Volume changes are intuitive features that explain atrophy or dilation due to illness as illustrated by our results. Shape analysis can provide additional information to that provided by volume alone, by measuring structural changes at specific locations. Shape analysis is especially useful to measure local changes that are not sufficiently reflected in volume measurements, as seen in figure 4.

Figure 4.

Figure 4

Example of shape analysis for a patient for which ICV did not normalize after surgery (on the left) and another patient for which ICV did normalize after surgery (on the right). a) pre-surgical and c) post-surgical semitransparent overlays between (green) age matched normal brain shape and (red) brain shape for the patient. b) pre-surgical and d) post-surgical shape analysis measurements illustrating the magnitude and the direction (compression – red, expansion – blue) of shape changes.

We showcase shape analysis results to the patients indicated with green and red arrows in figure 3. For these two example cases one (indicated by the red arrows) is an example of a patient for whose ICV does not normalize after surgical correction, whereas the other (indicated by green arrows) is an example for which ICV normalizes compared with the general normal trend.

Figure 4 – left shows shape analysis results for the patient indicated by the red arrows in figure 3. Shape measurements show the magnitude and location of compression and expansion areas compared with the normative brain growth model. This patient shows the characteristic shape features produced by sagittal synostosis, with enlargement of a maximum of 12 mm in the Posterior-Anterior axis and a maximum compression of 9 mm in the Left-Right axis pre-surgically. The brain deformities are improved with surgical correction, but not completely corrected post-surgically.

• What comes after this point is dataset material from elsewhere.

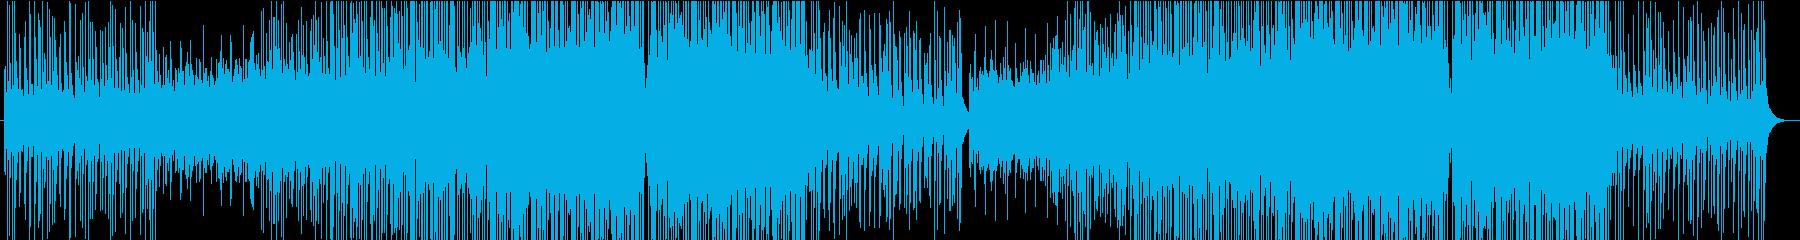 優しい風に乗せる口笛が心に響く楽曲の再生済みの波形

Figure 4 – right shows shape analysis results for the patient indicated by the green arrows in figure 3. Shape measurements show the magnitude and location of compression and expansion areas compared with the normative brain growth model. This patient displays a different pattern of shape changes, with generalized enlargement before surgery and after surgery. The brain enlargement features are normalized with surgical correction.

5. DISCUSSION

This small pilot study is one of the first ones in studying the complexity of brain structure before and after sagittal synostosis corrective surgery using advanced quantitative neuroimaging methods and MRI imaging data. While our preliminary results agree with existing craniosynostosis literature18, they have also found other interesting features happening to a small cohort of sagittal synostosis patients. Slightly enlarged CSF fluid is happening before surgery on all of these patients, and though our sample size is small, that suggests possible existing pathology in the CSF structures of the brain. The cerebrospinal fluid system is an important piece of our understanding of healthy brain development and health, and its real function and mechanisms have been recently brought up by recent discoveries19. Further studies including analyzing the shape of the lateral ventricles in craniosynostosis might be useful to elucidate the origin of the increased CSF volume. Lateral ventricle volume is grows between birth and 1 years of age, and decreases between 1 and 2 years of age, possibly due to the closure of the sutures in that period20,21. Some studies have also indicated that the structure of lateral ventricles in-utero is predictive of the shape evolution of this brain structure early in life22. With all of this in mind it seems the work presented in this manuscript sets an interesting point of discussion and justifies further, more detailed analysis. We have as well quantitatively demonstrated that head shape improves as compared with normally developing children after corrective surgery. This would not have been possible without the existence of complex methods that explore the growth in 3-dimensions of biological shapes23,24.

In conclusion this work validates the use of neuroimaging and magnetic resonance imaging to improve the current clinical knowledge about craniosynostosis. These pilot results need to be further explored in a study including a larger craniosynostosis cohort.